**Your task**
Copy the data precisely, character for character, and leave out every picture.

**Dataset section**
_____

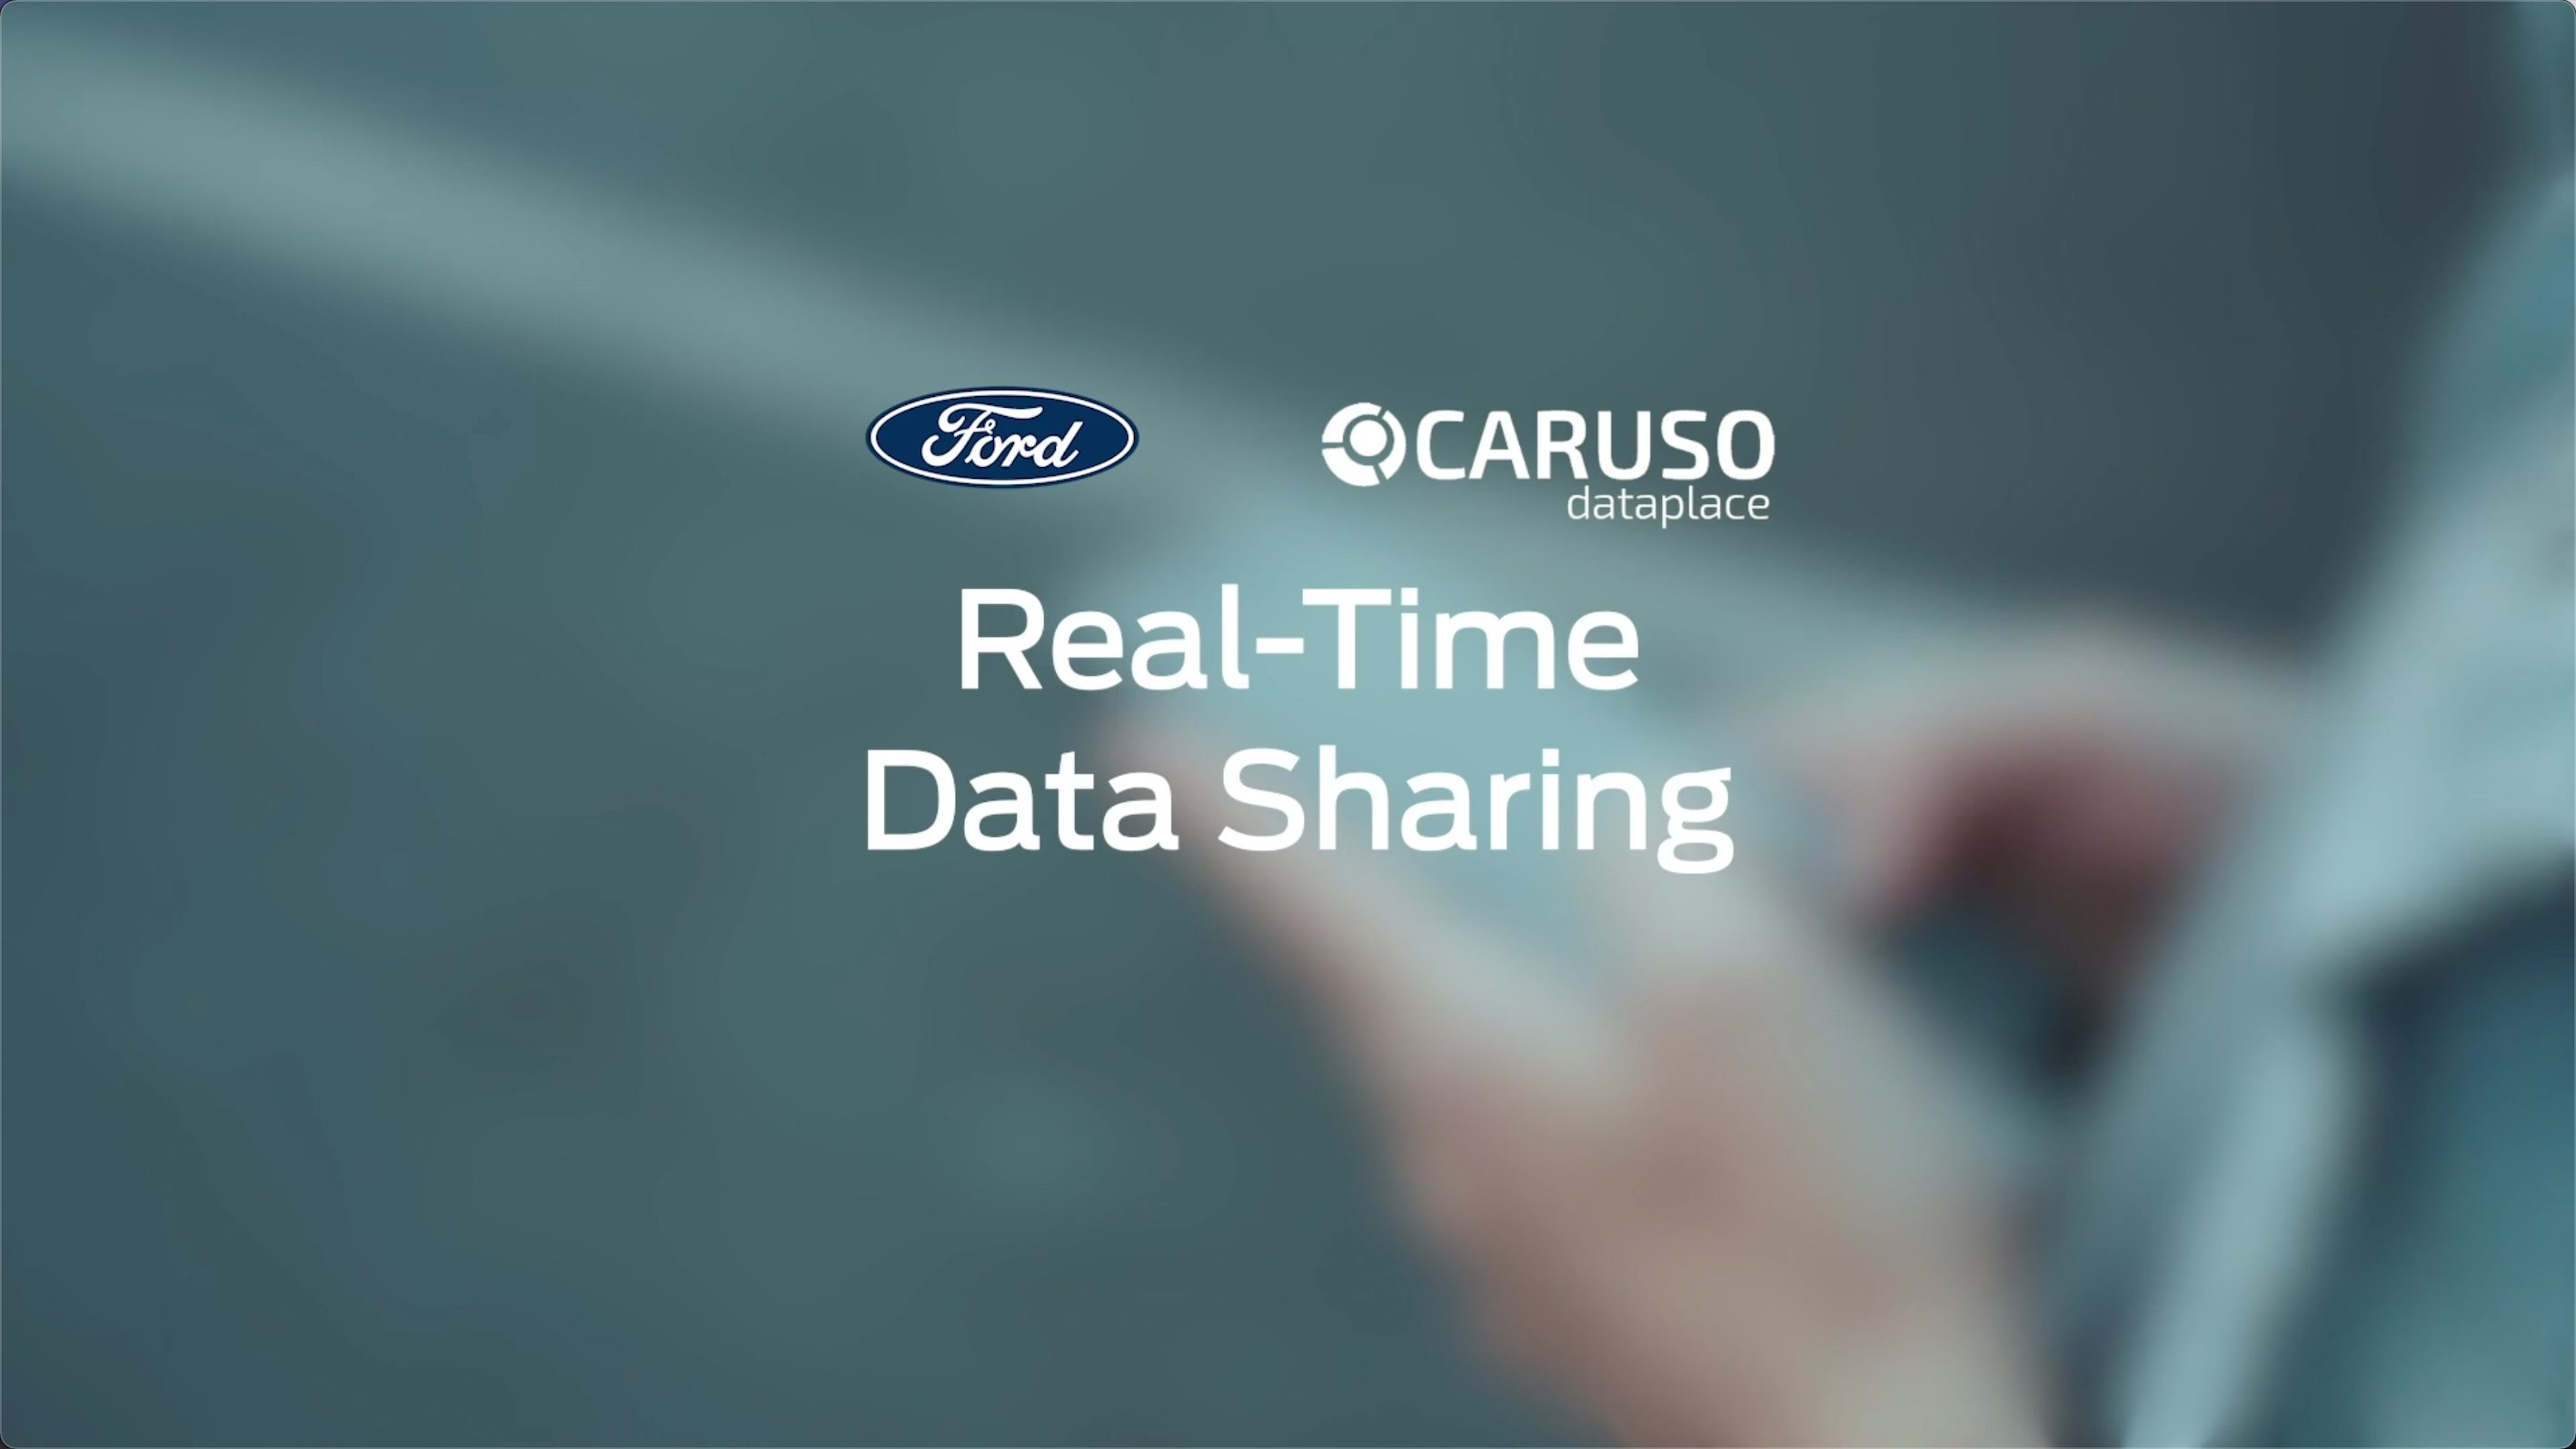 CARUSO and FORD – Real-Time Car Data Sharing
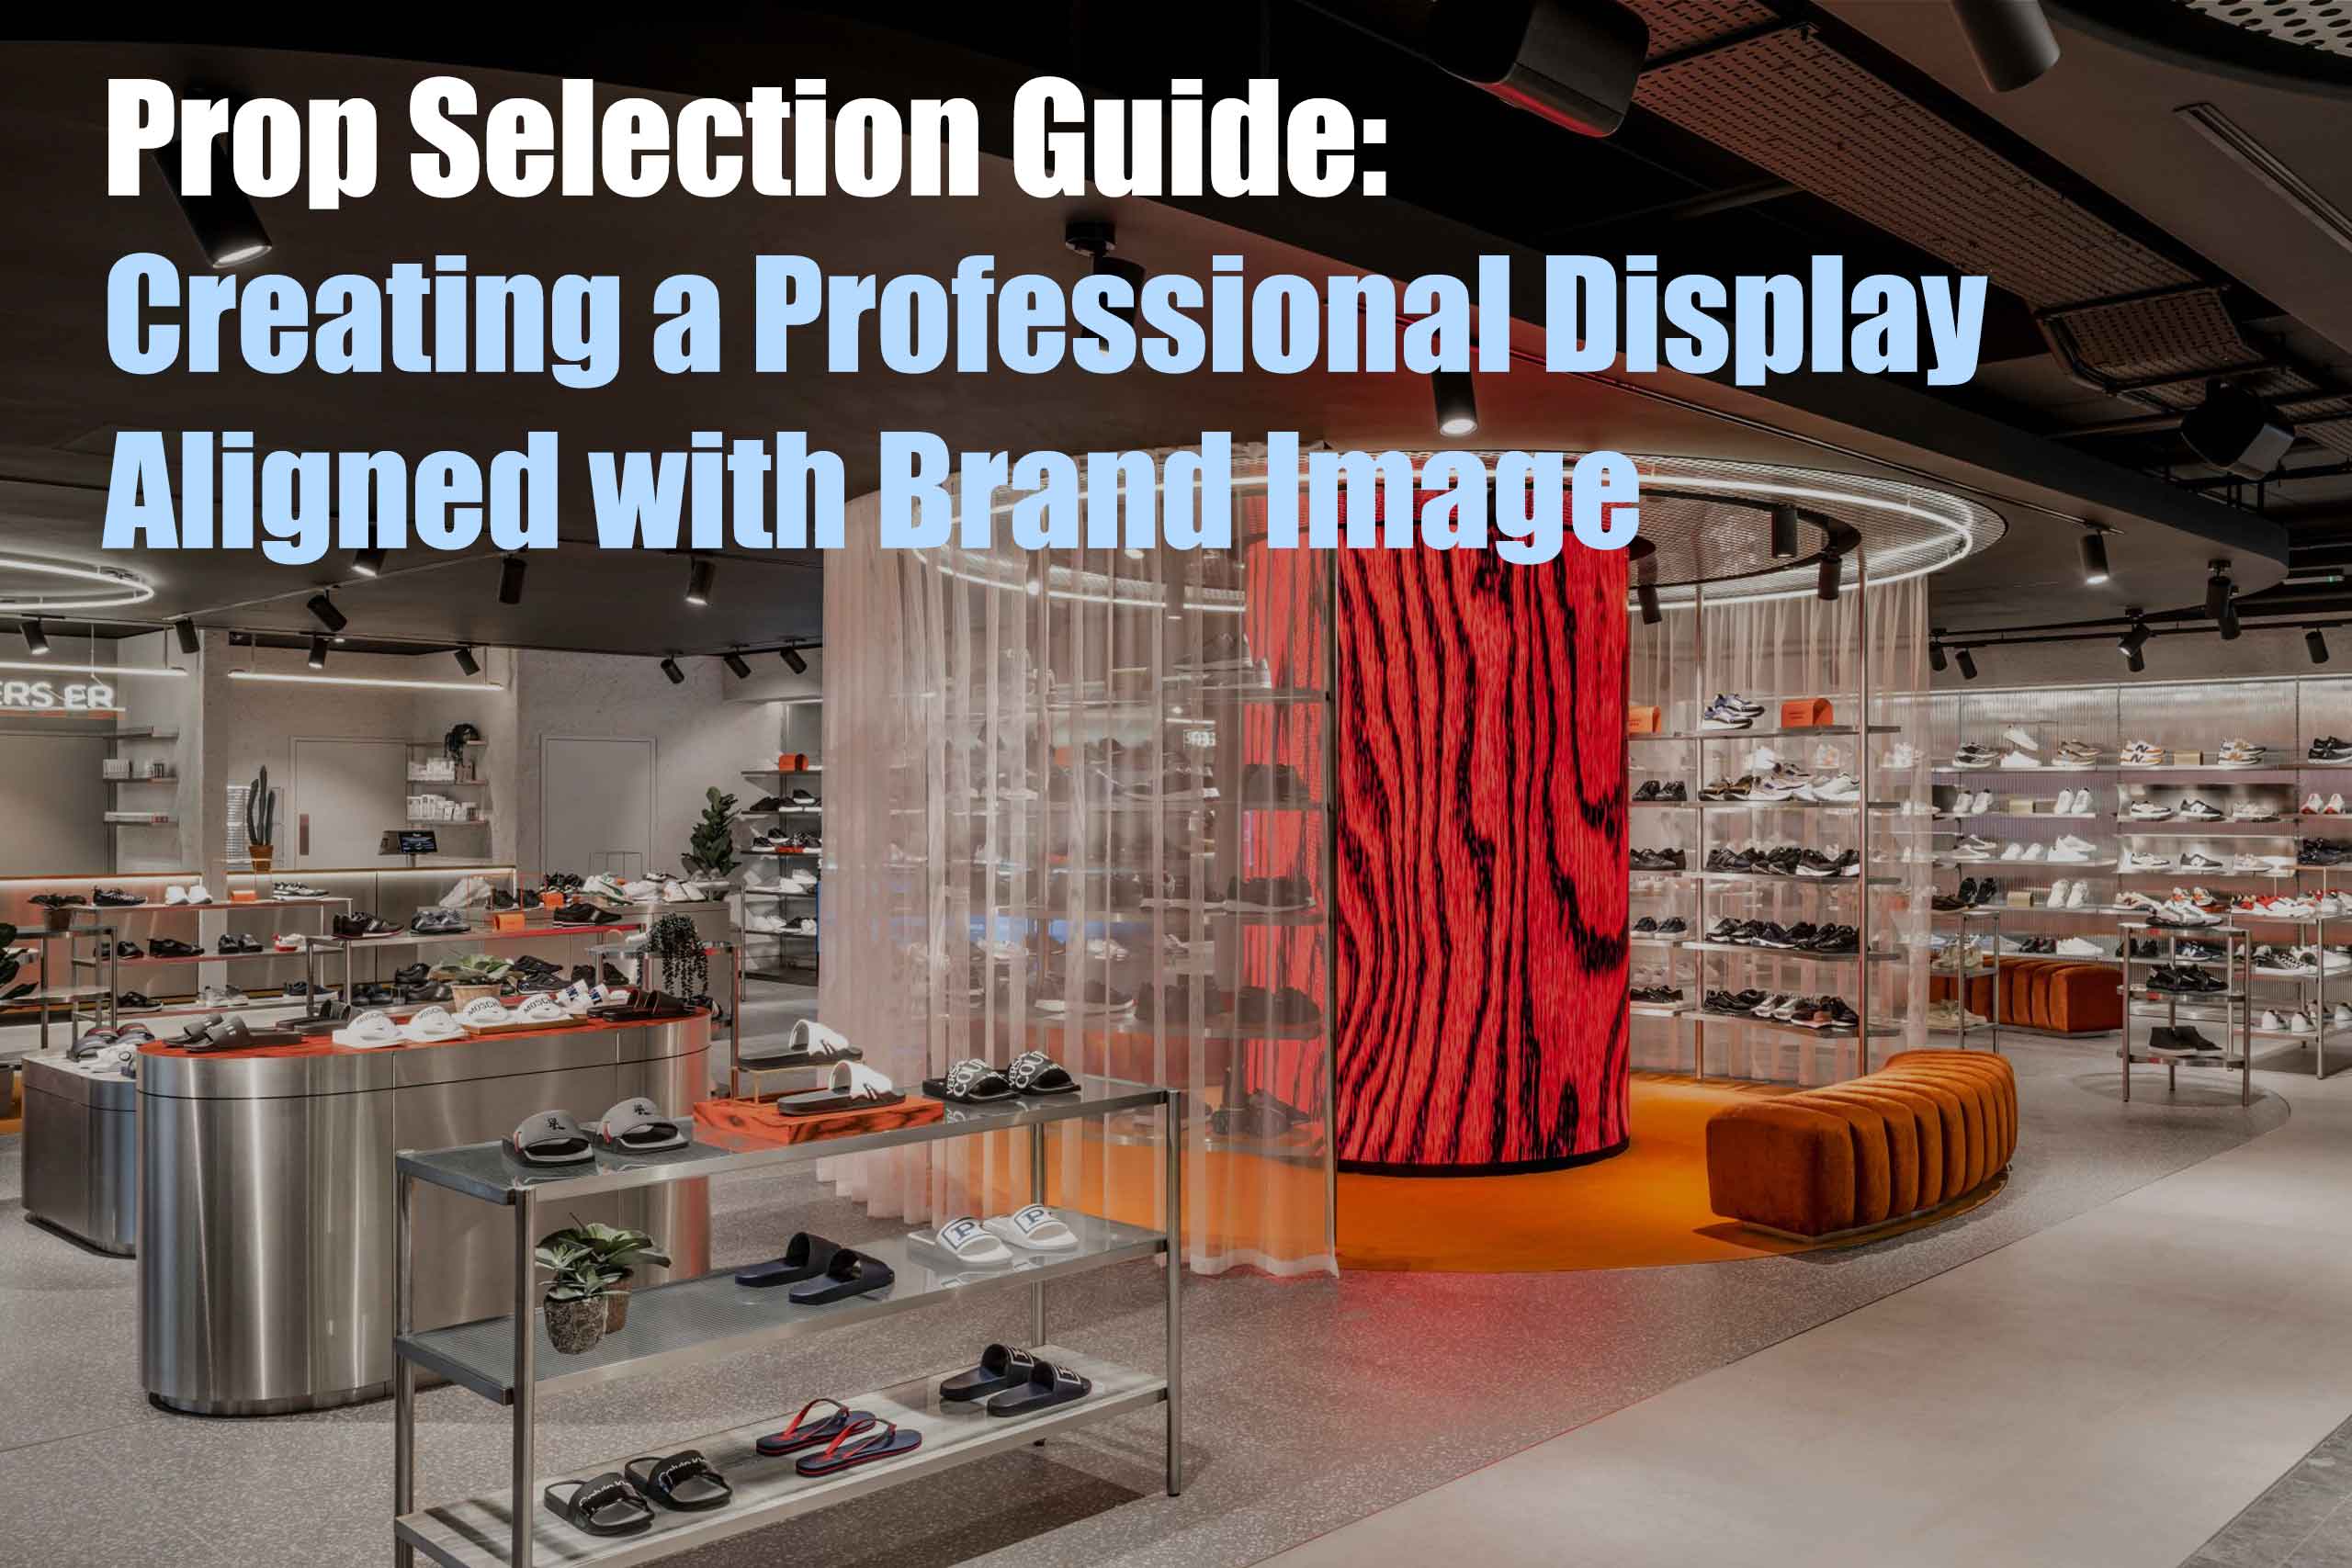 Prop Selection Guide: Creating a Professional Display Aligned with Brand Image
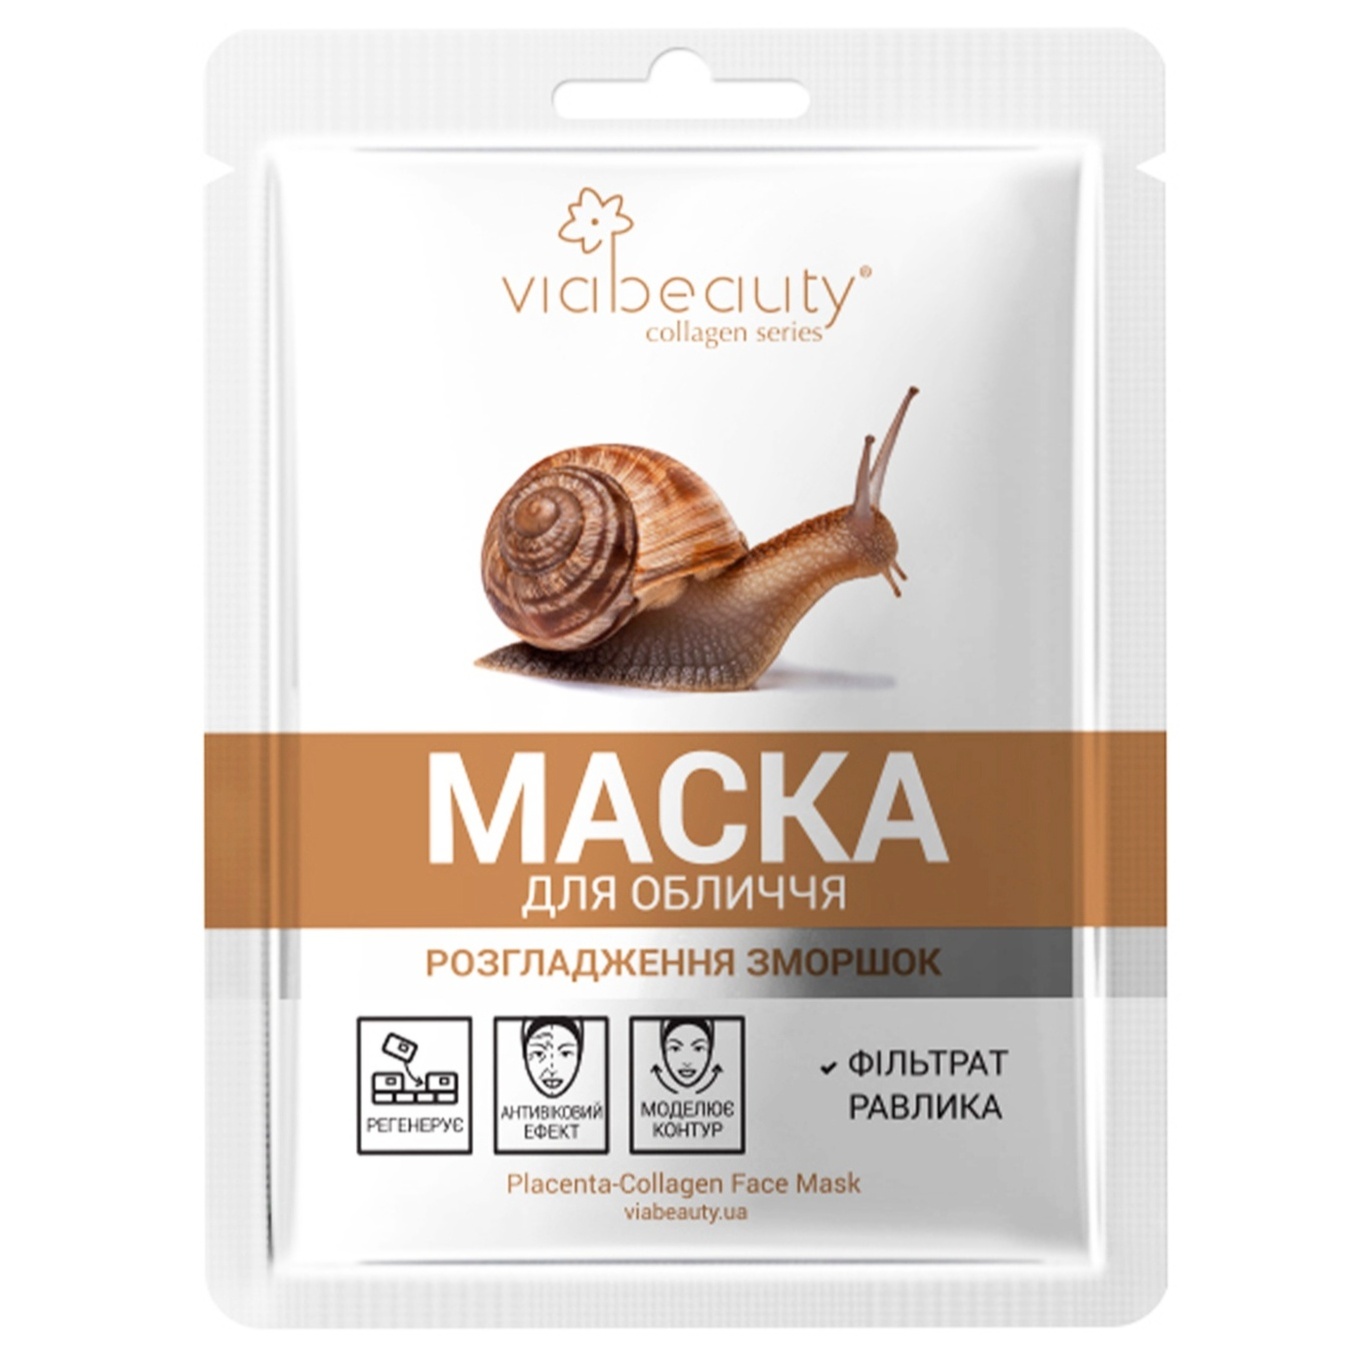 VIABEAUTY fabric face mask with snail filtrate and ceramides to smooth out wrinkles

_____

**Output**
 CARUSO and FORD – Real-Time Car Data Sharing
 Prop Selection Guide: Creating a Professional Display Aligned with Brand Image
 VIABEAUTY fabric face mask with snail filtrate and ceramides to smooth out wrinkles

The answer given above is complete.